Unicode & LaTeX Compatibility (MANDATORY for PDF)

PDF generation via LaTeX has limited Unicode support. Before PDF conversion, you MUST sanitize:

Character	Issue	Safe Replacement
`—` (em dash)	LaTeX incompatibility	`--`
`–` (en dash)	LaTeX incompatibility	`-`
`" "` (curly quotes)	Encoding errors	`" "` (straight)
`' '` (curly apostrophe)	Encoding errors	`'` (straight)
`…` (ellipsis)	May not render	`...`
`→` `←` `↑` `↓` (arrows)	LaTeX incompatibility	`->` `<-` `^` `v`
`✓` `✗` (checkmarks)	May not render	`[x]` `[ ]`
`★` `●` (symbols)	May not render	`*` `-`
`©` `®` `™`	Require packages	`(c)` `(r)` `(tm)`
Non-ASCII (é, ñ, ü)	Font-dependent	Keep for xelatex, sanitize for pdflatex

DOCX and HTML handle Unicode natively - use original markdown for these formats.

Step-by-Step Workflow

Step 0: Pre-Flight Validation

run_shell
command: which pandoc || (apt-get update && apt-get install -y pandoc)

run_shell
command: which xelatex || echo "xelatex not available - will use fallback"

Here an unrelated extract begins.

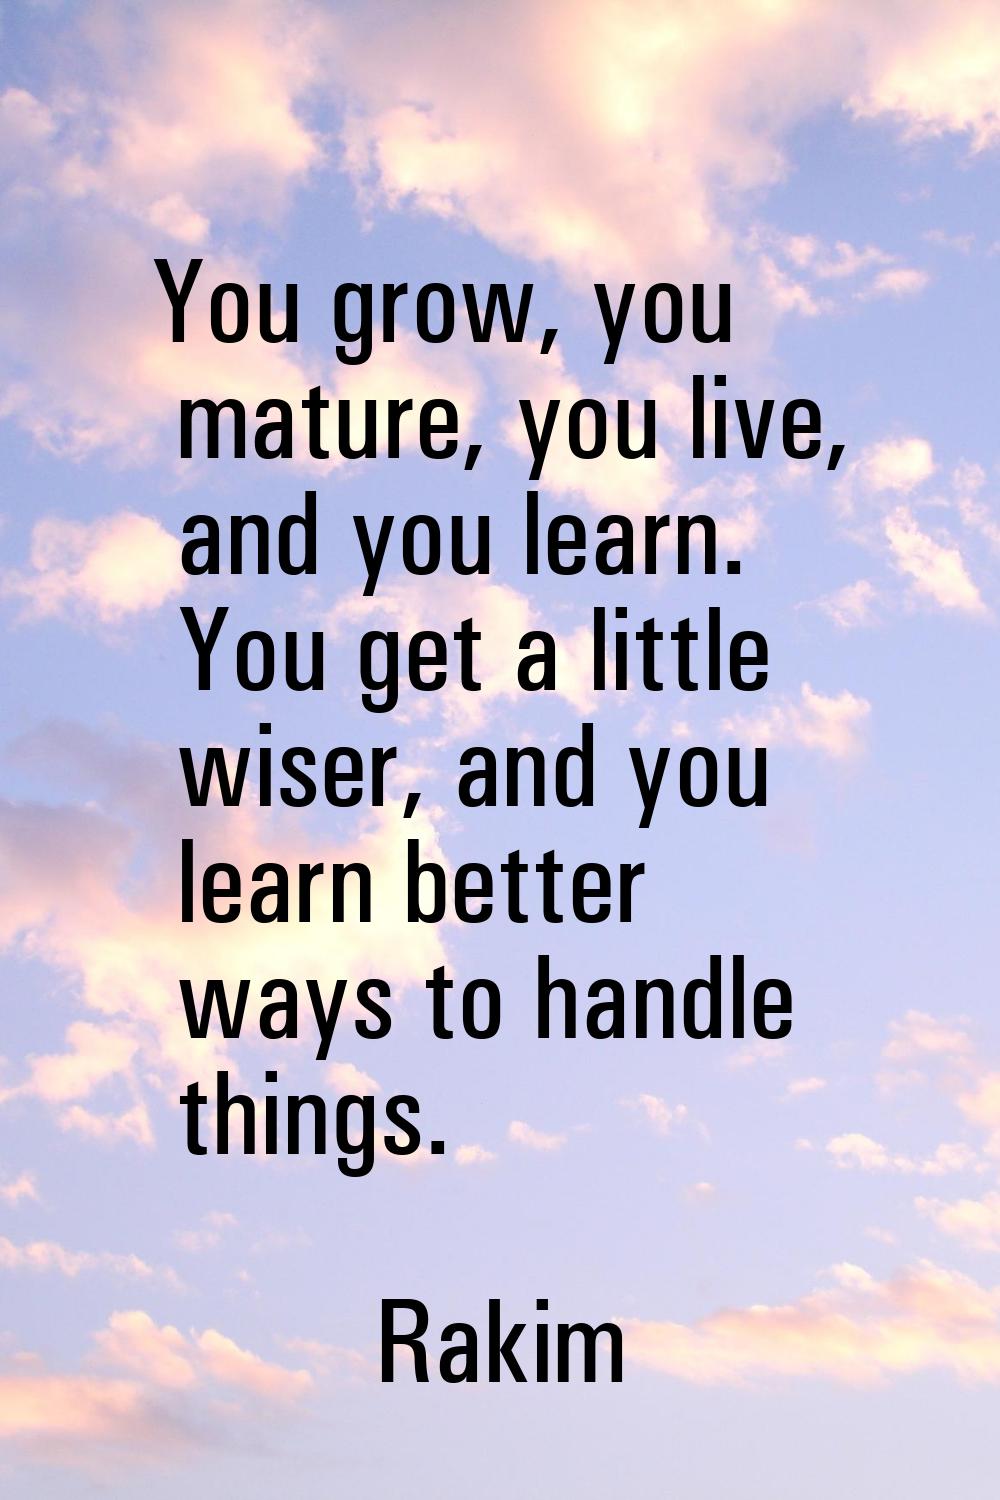 You grow, you mature, you live, and you learn. You get a little wiser, and you learn better ways to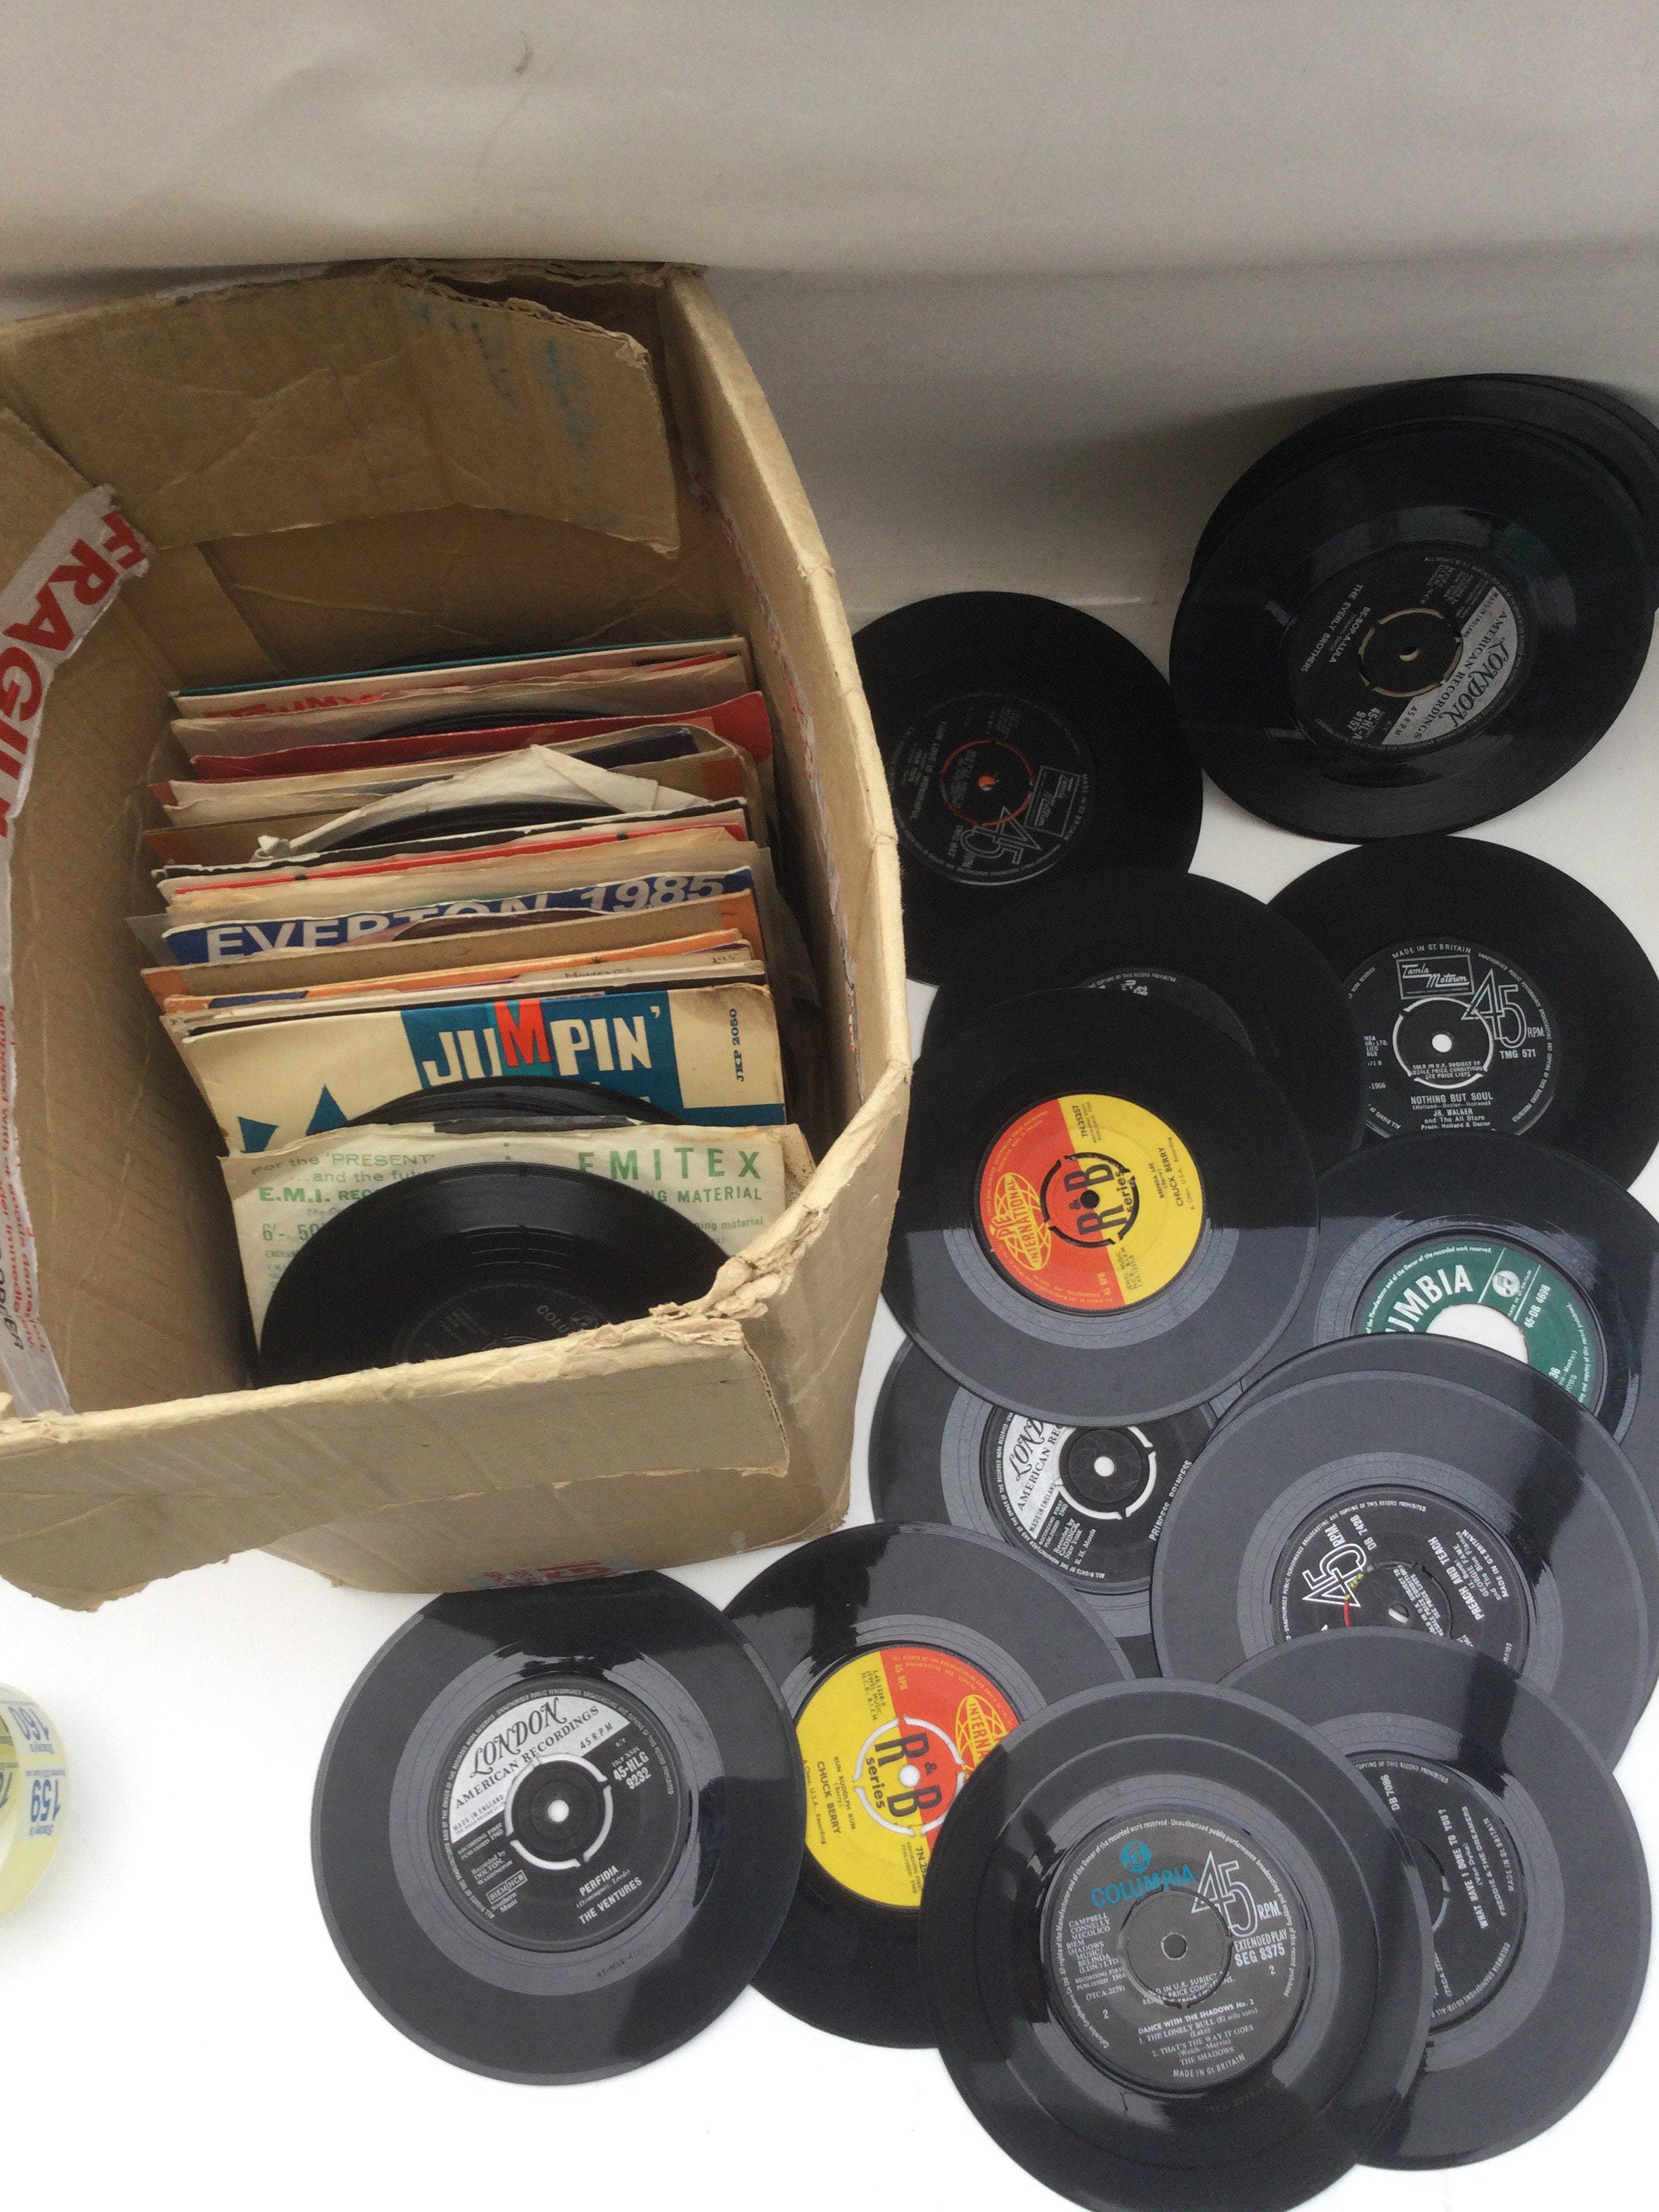 A box of 7inch singles and EPs by artists from the - Image 2 of 2

Step 1: Create Source Content with write_file

write_file
path: /tmp/document_source.md
content: |
  # Document Title
  
  ## Section 1
  Your content here with full Unicode support...
  
  ## Section 2
  Special chars: "quotes" — dashes … ellipsis ✓ checkmarks

Step 2: Create Sanitized Version for PDF (MANDATORY)

Option A: Manual sanitization with write_file

write_file
path: /tmp/document_source_sanitized.md
content: |
  # Document Title
  
  ## Section 1
  Your content here...
  
  ## Section 2
  Special chars: "quotes" -- dashes ... ellipsis [x] checkmarks

Option B: Automated sanitization script

First create the script:

write_file
path: /tmp/sanitize_for_pdf.sh
content: |
  #!/bin/bash
  INPUT="$1"
  OUTPUT="${2:-${1%.md}_sanitized.md}"
  sed -e 's/—/--/g' -e 's/–/-/g' \
      -e 's/"([^"]*)"/"\1"/g' -e "s/'([^']*)'/\`\1\`/g" \
      -e 's/…/.../g' -e 's/→/->/g' -e 's/←/<-/g' \
      -e 's/✓/[x]/g' -e 's/✗/[ ]/g' \
      -e 's/©/(c)/g' -e 's/®/(r)/g' -e 's/™/(tm)/g' \
      "$INPUT" > "$OUTPUT"
  echo "Sanitized: $INPUT -> $OUTPUT"

run_shell
command: chmod +x /tmp/sanitize_for_pdf.sh && /tmp/sanitize_for_pdf.sh /tmp/document_source.md /tmp/document_source_sanitized.md

Step 3: Convert to DOCX (from original, supports Unicode)

run_shell
command: pandoc /tmp/document_source.md -o output.docx 2>&1

Capture stderr with

2>&1

to see actual errors (not "unknown error").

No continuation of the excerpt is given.